Tidewater Community College
- Motto: From here, go anywhere
- Type: Public community college
- Established: February 4, 1968; 58 years ago
- President: Marcia Conston
- Faculty: 294 (full-time faculty)
- Students: 16,195 (fall 2022)
- Undergraduates: 34,000
- Location: Chesapeake, Norfolk, Portsmouth, Suffolk and Virginia Beach, Virginia, United States
- Campus: Urban, Suburban;
- Colors: Blue, White
- Nickname: TCC
- Mascot: Storm
- Website: tcc.edu

= Tidewater Community College =

Public college in South Hampton Roads, Virginia, USS

Tidewater Community College (TCC) is a public community college in South Hampton Roads, Virginia, with campuses in Chesapeake, Norfolk, Portsmouth, Suffolk, and Virginia Beach. It is part of the Virginia Community College System and is accredited by the Southern Association of Colleges and Schools Commission on Colleges to award the associate degree.

==History==
The school was founded in 1968, when a local philanthropist, Fred W. Beazley, closed the existing Frederick College and deeded the land to the Commonwealth of Virginia for the creation of Tidewater Community College. With the support of Hampton Roads' municipalities, TCC quickly expanded to Virginia Beach and Chesapeake, and in the 1990s, it helped revitalize downtown Norfolk by establishing a campus in former department store buildings. In 2010, the Portsmouth campus relocated to a new site within the city.

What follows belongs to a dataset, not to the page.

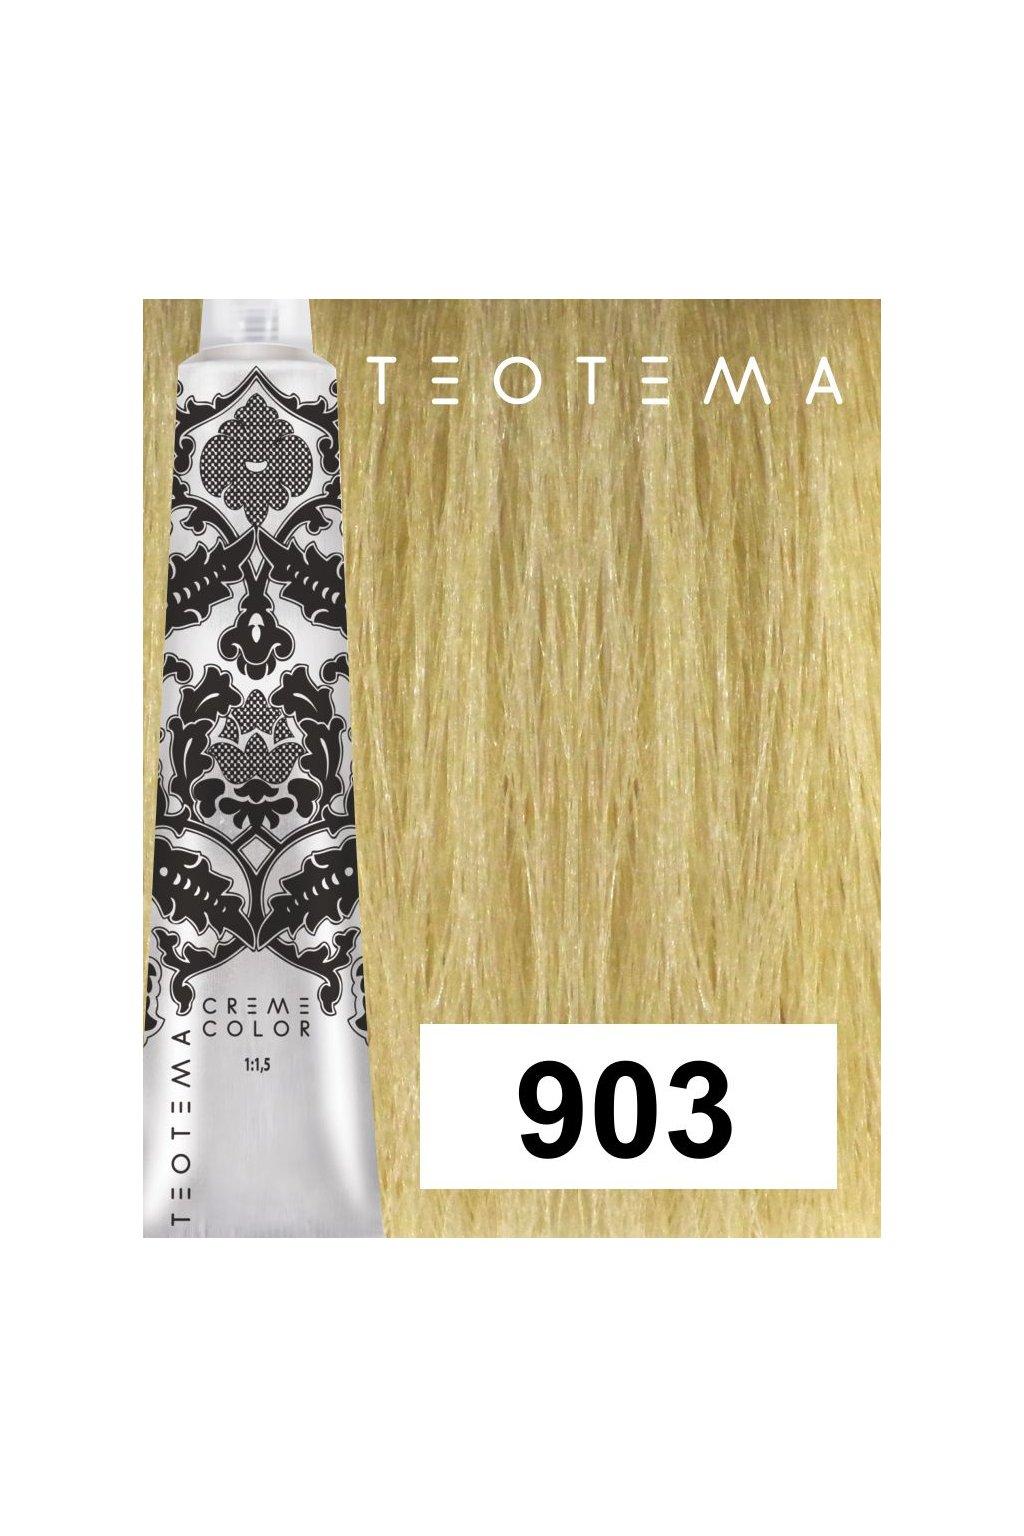 903 teotema

In 2003 TCC signed an agreement with Norfolk State University that allows students to transfer from one to another.

In 2017, Tidewater Community College (Virginia Beach and Norfolk campuses) entered into an agreement with Virginia Wesleyan University on the "Tidewater Promise," a parallel concurrent enrollment program that permits students to take advantage of most services and resources on the VWU campus while enrolled as associate degree students at TCC. The program enables students to guarantee tuition costs for four years and to complete a four-year bachelor's degree less expensively than attending a state university.

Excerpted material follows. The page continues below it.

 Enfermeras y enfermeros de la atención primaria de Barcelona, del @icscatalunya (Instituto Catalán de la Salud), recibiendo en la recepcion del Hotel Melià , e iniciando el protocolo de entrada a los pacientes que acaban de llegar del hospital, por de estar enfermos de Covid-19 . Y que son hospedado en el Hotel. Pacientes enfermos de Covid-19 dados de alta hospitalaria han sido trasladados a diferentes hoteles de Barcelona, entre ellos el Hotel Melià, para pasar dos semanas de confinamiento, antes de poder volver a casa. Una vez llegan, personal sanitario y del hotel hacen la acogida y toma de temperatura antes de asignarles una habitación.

Edna V. Baehre-Kolovani took office as the college's fifth president in July 2012. She succeeded Deborah M. DiCroce, who had served for 14 years. In early 2018, the college's faculty voted "no confidence" in Baehre-Kolovani as enrollments declined and the college announced another round of layoffs (following layoffs in 2017).

Tidewater Community College's mascot is Storm and the school colors are royal blue and white.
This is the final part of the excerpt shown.